It doesn't happen every time i go to the supermarket, but happens enough to be making me annoyed.

Today i have a day off from work. After dropping dd at school, i nipped to the local Tesco for a magazine and big bar of chocolate. As the lady scanned them through, she said "Oh, you'll regret this tomorrow!" and then laughed as if expecting me to join in.

Last time i was in, a different checkout lady was scanning my things and then stopped after she'd scanned my packet of wraps. She was reading the back for about a minute, i shit you not, and when i asked what was wrong (i thought maybe she'd noticed they were out of date or something), she said, "Do you know how many calories are in these? I'm doing WW and it's really made me look at calorie content. You'd think these would be healthy since they're wholemeal". I said they are healthy and me and dd loves them (might have gotten a bit snappy, don't like calories etc being discussed like that in front of impressionable dd).

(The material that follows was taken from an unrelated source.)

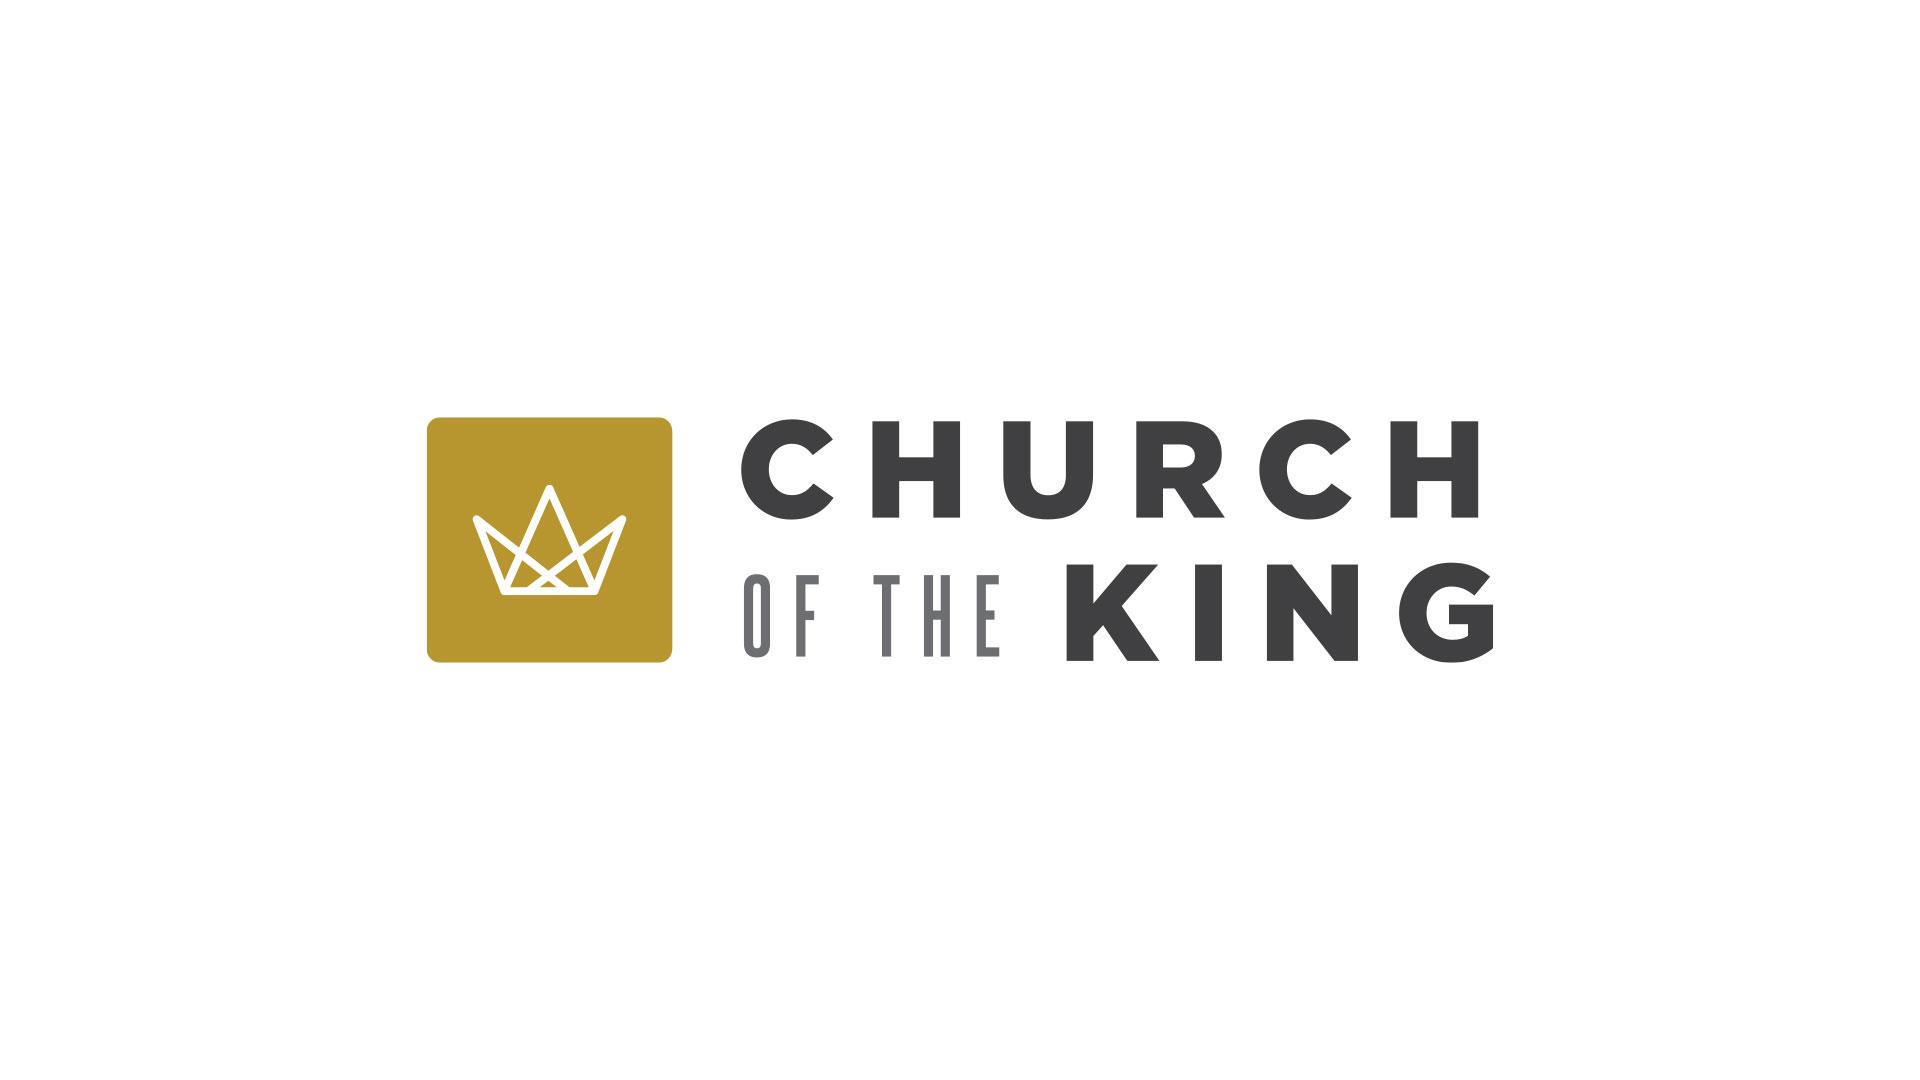 Church of the King | Shane Harris

Around Christmas time, i was in buying wine for pressies (i don't drink) and the checkout lady said something about wishing she was young again to be able to drink as much as me (again laughed, as if expecting me to join in).

I was buying towels and tampons one other time, and i went to self scan with them, but the queue-buster lady directed me to a till instead. The checkout lady made a big deal after scanning them, leaned forward and whispered, "I'll double bag these for you, sweetheart." I showed no hint before that of being the slightest bit embarrased by buying them.

It's not just Tesco. it's other supermarkets in other areas i've visited too.

I was buying a range of exotic fruits one time at Asda (for a tasting session in class) and the checkout lady stopped and scrutinised each one before scanning (i realise she had to do this so she'd know what buttons to press on her screen), but then she started asking "Why are you getting all this?" and invited her colleague over for a look too! Again, acting as if i'd be okay with this, and i should join in with their giggles.

It feels like a total invasion of privacy.

I realise they're just trying to make small talk, but i doubt very much they'd like it if i went rooting round their shopping trolley/cupboards commenting on every little thing i saw there.

AIBU/over-sensitive eejit?

CaptChaos Tue 29-Jan-13 19:24:57

I worked in a supermarket as a stopgap.

During my checkout training (the thrills!) I was taught that you start any interaction with the phrase

'Thank you for waiting!' (even if they haven't)
then
'Do you need bags?' then using my skill and judgement put exactly the correct number of bags out.... then ask if they need help packing.
then
make inane and asinine comments about whatever the poor customer has bought.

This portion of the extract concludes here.